## FIR Filtering on ARM Cortex-M3

### ALEXANDRU BÂRLEANU, VADIM BĂITOIU, ANDREI STAN Faculty of Automatic Control and Computer Engineering Gheorghe Asachi University of Iași 700050, Romania alexb@cs.tuiasi.ro, vadim.baitoiu@gmail.com, andreis@cs.tuiasi.ro

*Abstract:* - This paper describes how to implement efficient FIR filters on ARM Cortex-M3 microprocessors. Two multiply-accumulate instructions are discussed: MLA – multiply with accumulate, using 32-bit operands and producing a 32-bit result, and SMLAL – signed multiply with accumulate, using 32-bit operands and producing a 64-bit result. There are advantages and disadvantages for each instruction. It is possible, for example, to reuse the data loaded in memory and compute multiple output samples per iteration. MLA is more suitable for this technique than SMLAL. But SMLAL can provide higher accuracy than MLA. This paper gives also an insight on how to increase the filtering accuracy with non-uniform coefficient fractional wordlength. This can be useful if there are very small and very large floating-point constant coefficients.

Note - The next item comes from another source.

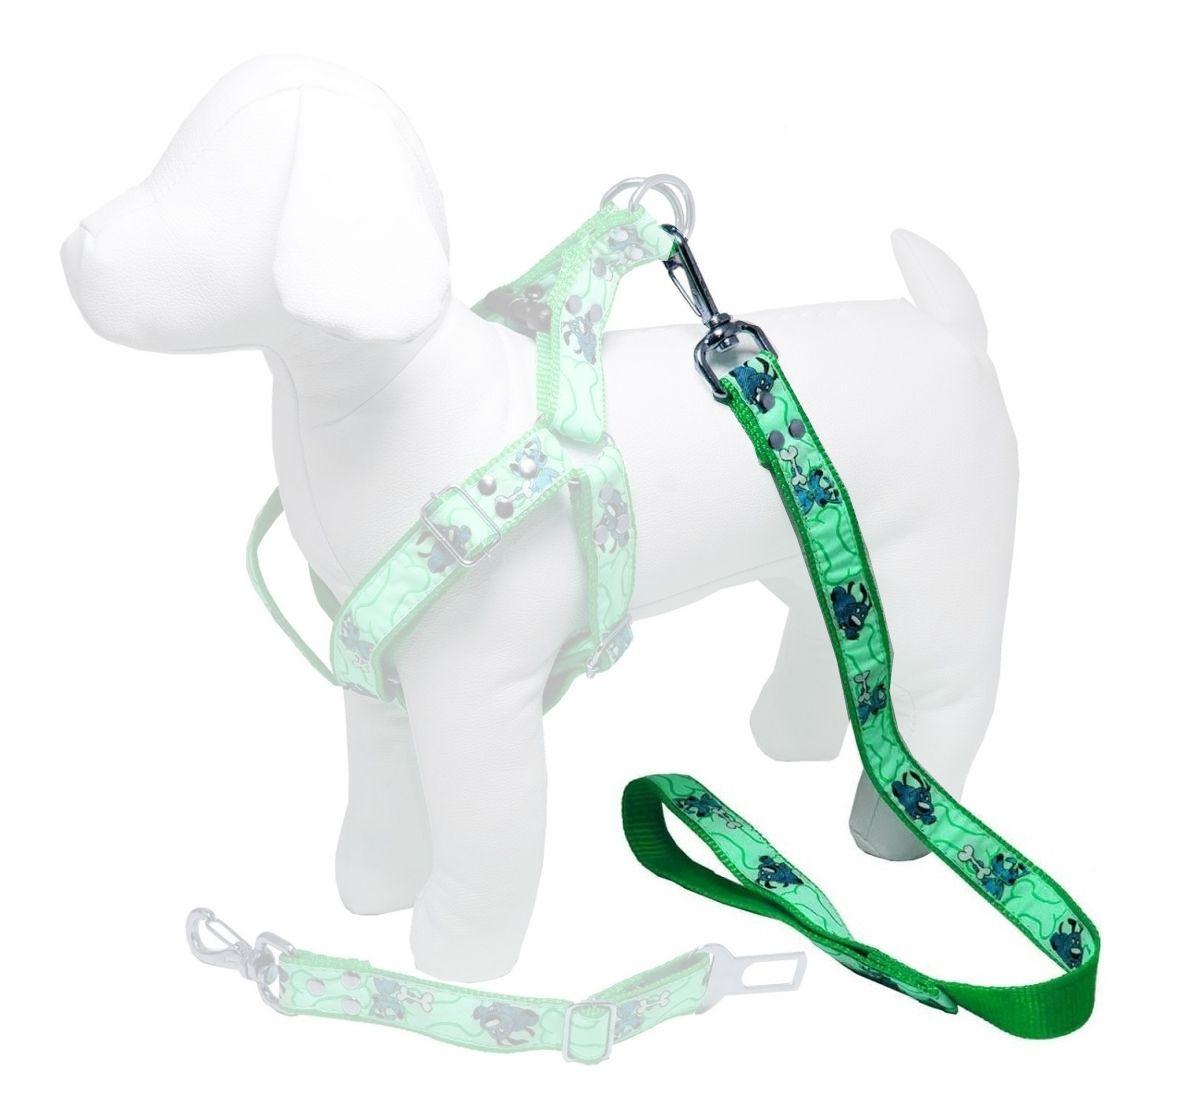 Guia de 1 Metro Resistente Para Cachorros de Menor Porte - Cor Verde

Key-Words: - embedded software, fixed-point arithmetic, filtering algorithms, ARM Cortex-M3

## **1** Introduction

ARM Cortex-M3 is a modern, high-performance processor (32-bit) designed for embedded applications ("M" comes from microcontroller). Though it is not primarily a DSP processor, it has multiply-accumulate instructions that are very convenient for signal processing algorithms [1]. Two of them are discussed in this paper: MLA multiply with accumulate, using 32-bit operands and producing a 32-bit result, and SMLAL - signed multiply with accumulate, using 32-bit operands and producing a 64-bit result. These instructions are not something specific only to the ARM Cortex-M3 processor. MLA was introduced in the ARMv2 architecture and SMLAL was introduced in the ARMv3M architecture. (Cortex-M3 is based on the ARMv6M architecture.)

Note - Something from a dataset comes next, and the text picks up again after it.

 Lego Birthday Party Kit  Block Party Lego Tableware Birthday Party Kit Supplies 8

ARM Cortex-M3 processors do not have floating-point coprocessors, which means that C compilers must emulate floating-point operations. This can be a problem, because even if the compiler libraries for floating-point are highly-optimized, for standard IEEE-754 accuracy results the execution time can be very long. In such cases it is important to consider if the calculations can be done in fixedpoint format [2,3]. That would mean using integer datatypes and operations instead of floating-point. It is possible to download libraries available on the Internet [4,5,6] or write custom routines (which can be made very efficient for a particular problem).

## 2 Existing Libraries

NXP Semiconductors and STMicroelectronics provide DSP libraries for ARM Cortex-M3 microprocessors [4,5]. Both libraries contain FIR filtering routines. There are some minor differences between the two implementations like, for example, the format of input data, but in essence the implementations are the same.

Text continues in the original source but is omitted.